Keynotes


Unlocking Autonomous Mobility

Vinay Shet, Director of Product Management, Lyft, San Francisco, California
Wednesday, November 6

Abstract: Autonomous cars are expected to dramatically redefine the future of transportation. When fully realized, this technology promises to unlock a myriad societal, environmental, and economic benefits. From a technical standpoint, autonomous cars pose significant challenges. An autonomous car needs to perceive the world around it, it needs to maintain a precise geographic context of its location, it needs to predict the future state of all dynamic agents, and finally, it needs to plan its own trajectory to progress to its destination.
In this talk, I will discuss Lyft's mission to build the world's best transportation network and how autonomous cars play a key role in realizing it. I will then present our approach to building autonomous cars breaking down the technical components, digging deeper into perception, prediction, planning, and HD Mapping. I will also discuss our efforts to democratize access to autonomous technology to the broader academic community through the release of open datasets and hosting academic competitions. With this, I hope to share insights into the motivations, challenges, and technologies for autonomous cars from the perspective of an advanced industrial program.

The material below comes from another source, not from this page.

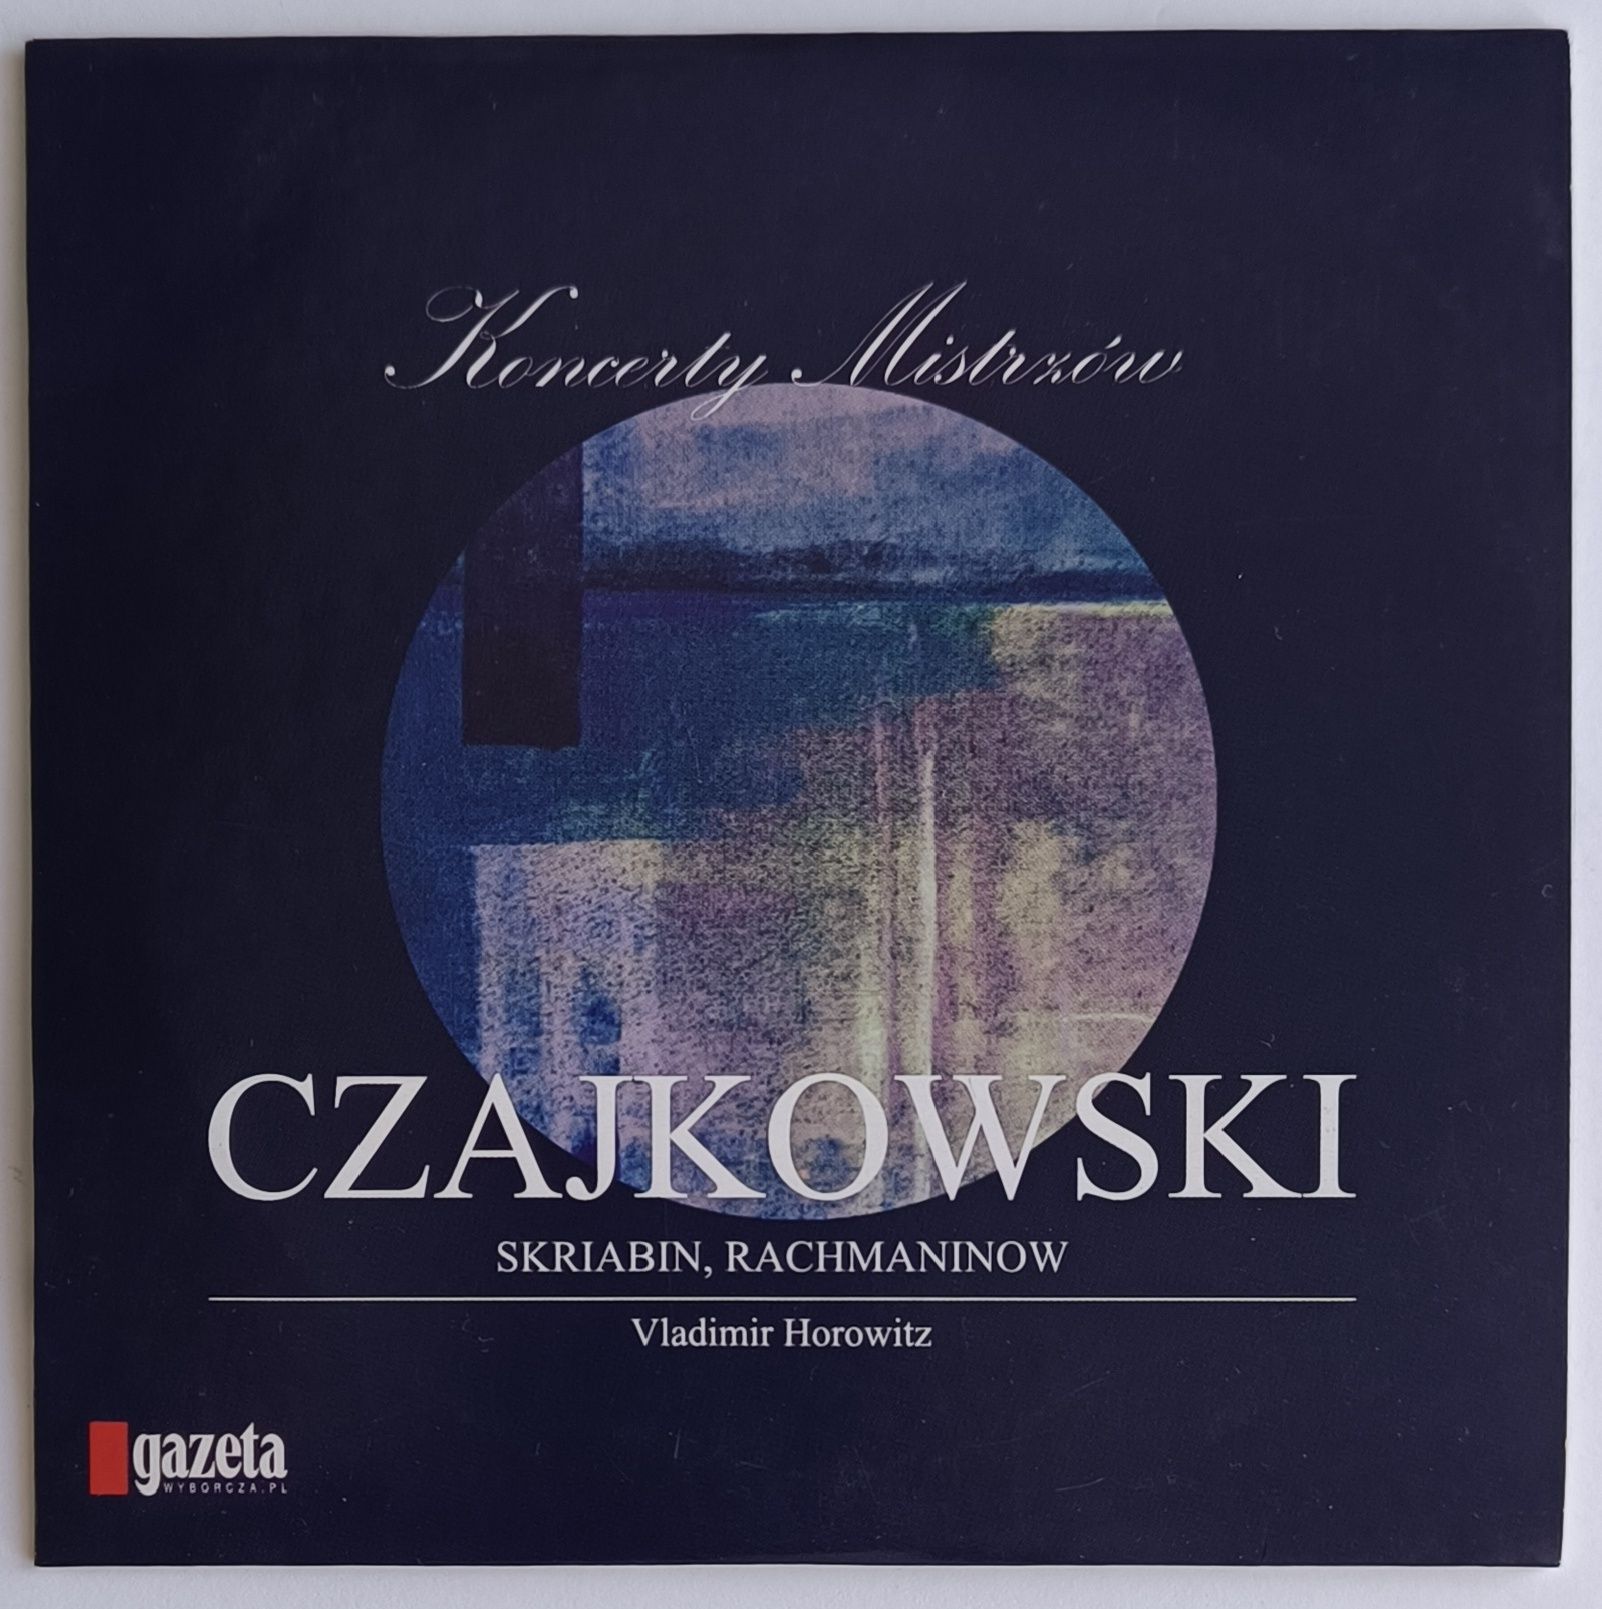 Koncerty Mistrzów Czajkowski Nr5 2015r

Biography: Vinay Shet is a Director of Product Management at Lyft Level 5 leading the Mapping, Data, and Knowledge efforts for Lyft’s self-driving car initiative. Before Lyft, Vinay was at Google as the product lead for Google Maps’ Road Network and Navigation data. At Google, he led the team that pioneered the use of machine learning to create maps data from street level and aerial imagery. Before that, he was the Product Manager for Google Street View as well as reCAPTCHA, launching the “I’m not a robot” CAPTCHA. Vinay has a Ph.D. in Computer Science focusing on Computer Vision from the University of Maryland, College Park and was a Scientist at Siemens Corporate Research, focused on Machine Learning and Computer Vision, for several years post-Ph.D. He has published over 20 papers and has over 25 issued/pending patents. He has served as a reviewer/program committee member of multiple computer vision journals, conferences, and workshops such as CVPR, ECCV, ICCV, AVSS, etc.


Visual Spatial Analytics and Trusted Information for Effective Decision Making

David S. Ebert, Silicon Valley Professor of Electrical and Computer Engineering, Purdue University, West Lafayette, Indiana
Thursday, November 7

Abstract: Information, not just data, is key to today's global challenges. To solve these challenges requires not only advancing geospatial and big data analytics but requires new analysis and decision-making environments that enable reliable decisions from trustable, understandable information that go beyond current approaches to machine learning and artificial intelligence. These environments are successful when they effectively couple human decision making with advanced, guided spatial analytics in human-computer collaborative discourse and decision making (HCCD). Our HCCD approach builds upon visual analytics, natural scale templates, traceable information, human-guided analytics, and explainable and interactive machine learning, focusing on empowering the decision-maker through interactive visual spatial analytic environments where non-digital human expertise and experience can be combined with state-of-the-art and transparent analytical techniques. When we combine this approach with real-world application-driven research, not only does the pace of scientific innovation accelerate, but impactful change occurs. I'll describe how we have applied these techniques to challenges in sustainability, security, resiliency, public safety, and disaster management.

Biography: David Ebert is the Silicon Valley Professor of Electrical and Computer Engineering at Purdue University, a Fellow of the IEEE, director of the Center for Education and Research in Information Assurance and Security (CERIAS), and director of the Visual Analytics for Command Control and Interoperability Center (VACCINE), the Visualization Science team of the Department of Homeland Security's Command Control and Interoperability Emeritus Center of Excellence. Ebert performs research in visual analytics, human-computer teaming, advanced predictive analytics, volume rendering, illustrative visualization, and procedural abstraction of complex, massive data. He is the recipient of the 2017 IEEE Computer Society vgTC Technical Achievement Award for seminal contributions in visual analytics. He has been very active in the visualization community, serving as Editor in Chief of IEEE Transactions on Visualization and Computer Graphics, serving as IEEE Computer Society Vice President and the IEEE Computer Society's VP of Publications, and successfully managing a large program of external funding to develop more effective methods for visually communicating information.